I surfaced a few times, trying to decompress my ears and calm my racing heart. Each time, I repeated a quiet mantra: “Embrace openness”. Those words became my anchor.
After a few rounds of surfacing, breathing, returning to the water, and taking short breaks, something shifted. I stopped fighting the fear and started to observe it. The panic was still there, but I could hold it. Like holding a trembling bird in my hands without trying to make it stop shaking.
Learning to swim as an adult, I carried old memories of fear in my body. I carried the panic from childhood moments when I was suddenly dropped into the sea. Underwater, those memories returned through instinctive, jerky movements and an urgent need to escape. In my haste, I forgot to equalise the pressure, and pain filled my left ear.
Yet even through the discomfort, I stayed with it. With my best friend’s patient instruction and support, I went back under one more time. Accepting her help, this time slower, more mindful. And finally, I found it: a moment of stillness. A moment where I was simply breathing underwater.
In that silence, surrounded by blue and underwater life, I wasn’t a scientist, a diver-in-the-making or a human doing. I was just a human being. I was afraid, curious, alive.
Later, I realised why this experience stayed with me.

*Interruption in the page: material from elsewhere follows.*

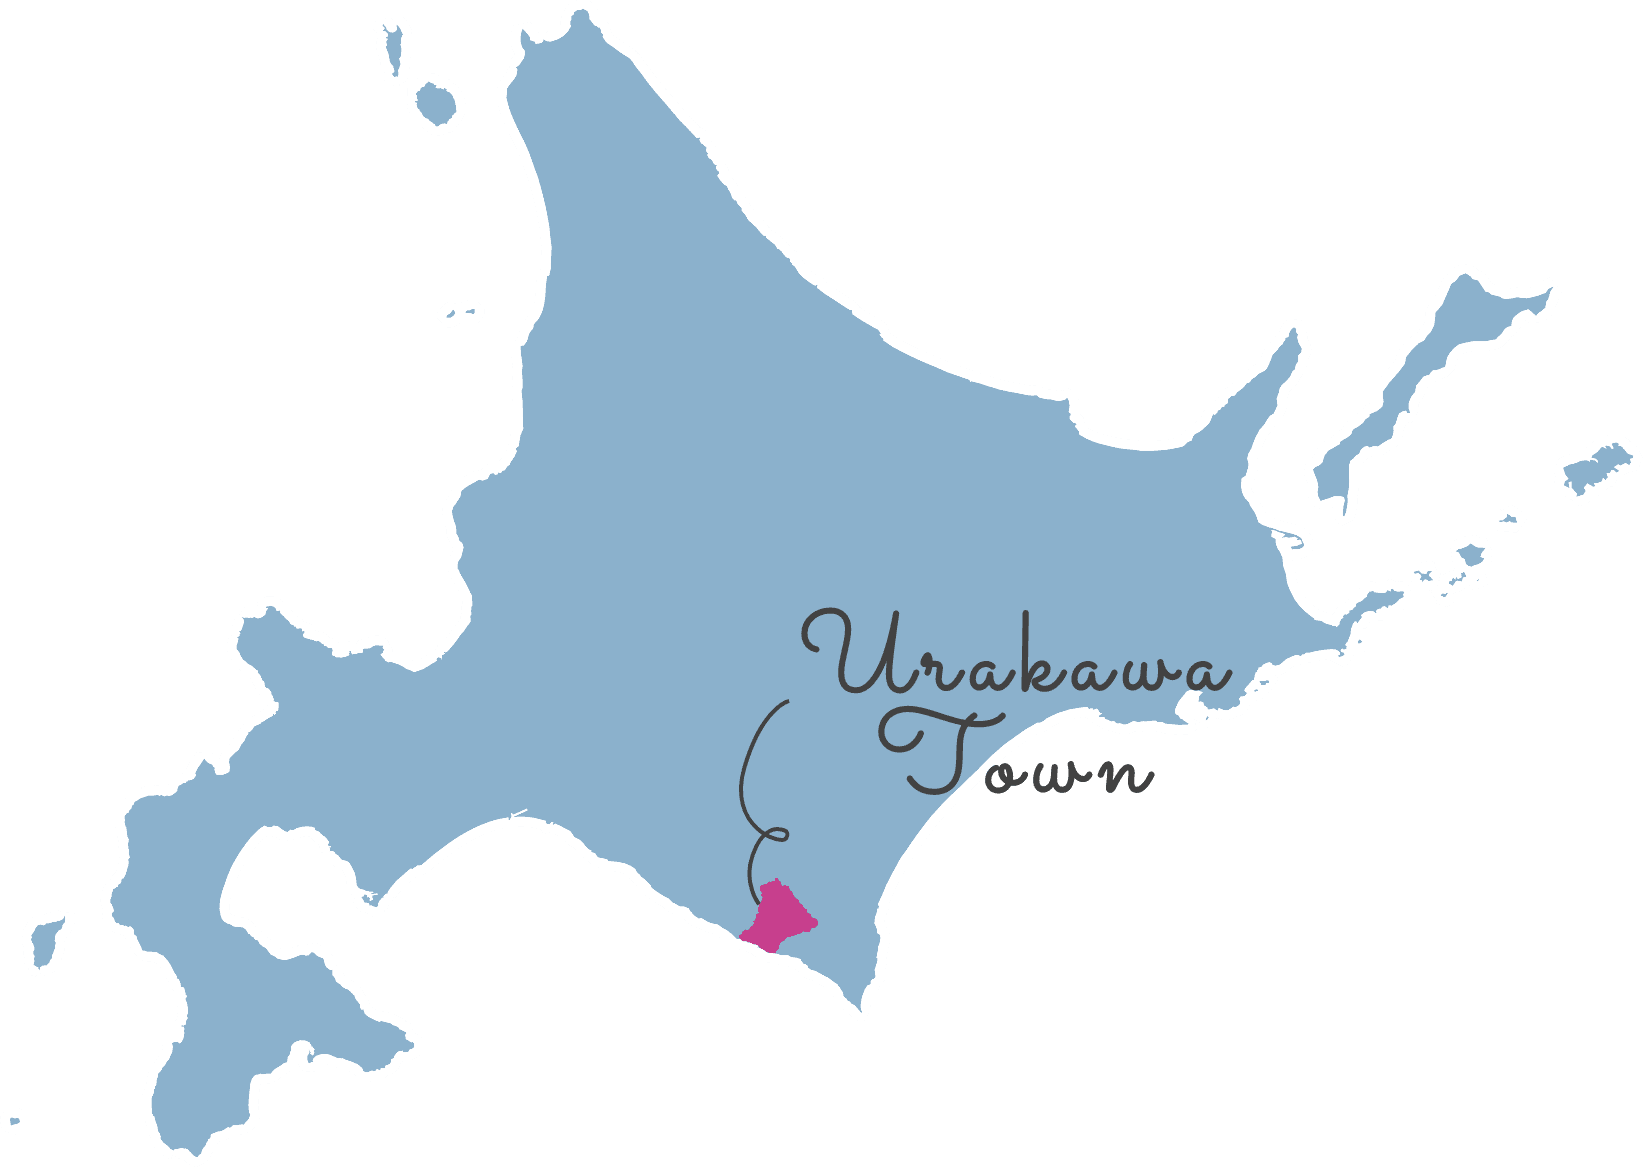 北海道内の浦河町の位置を示す地図

During my yoga and mindfulness facilitation trainings, I had learned about mindfulness and the distinction between “doing mode” and “being mode.” Most of modern life is lived in doing mode: planning, achieving, comparing, solving, and constantly moving toward the next task. It is useful, but when it becomes the default, life turns into an endless sequence of to-dos and obligations. We fall asleep exhausted and wake up already running.
For much of my PhD, I lived in that state. My days were measured by productivity, my worth by progress. Even rest became something to optimise.
Being mode, in contrast, invites us to temporarily suspend judgement. To stop fighting reality and meet the present moment as it is. Not to give up, but to see clearly enough to choose our response rather than react from exhaustion or fear.
Underwater, I understood this not intellectually, but physically.
The more I fought the fear, the stronger it became. The moment I stopped trying to get rid of it and simply acknowledged it, something softened. The fear did not disappear, but it no longer controlled me.
Japan, in its own way, offered the same lesson. It interrupted a pattern I had lived in for years during my PhD: the belief that life begins after everything is finished. The dissertation would still be waiting when I returned. The deadlines would still exist. The uncertainty would remain.
But something else had changed.
For the first time in years, I understood that my life was not something that would begin later. It was already happening.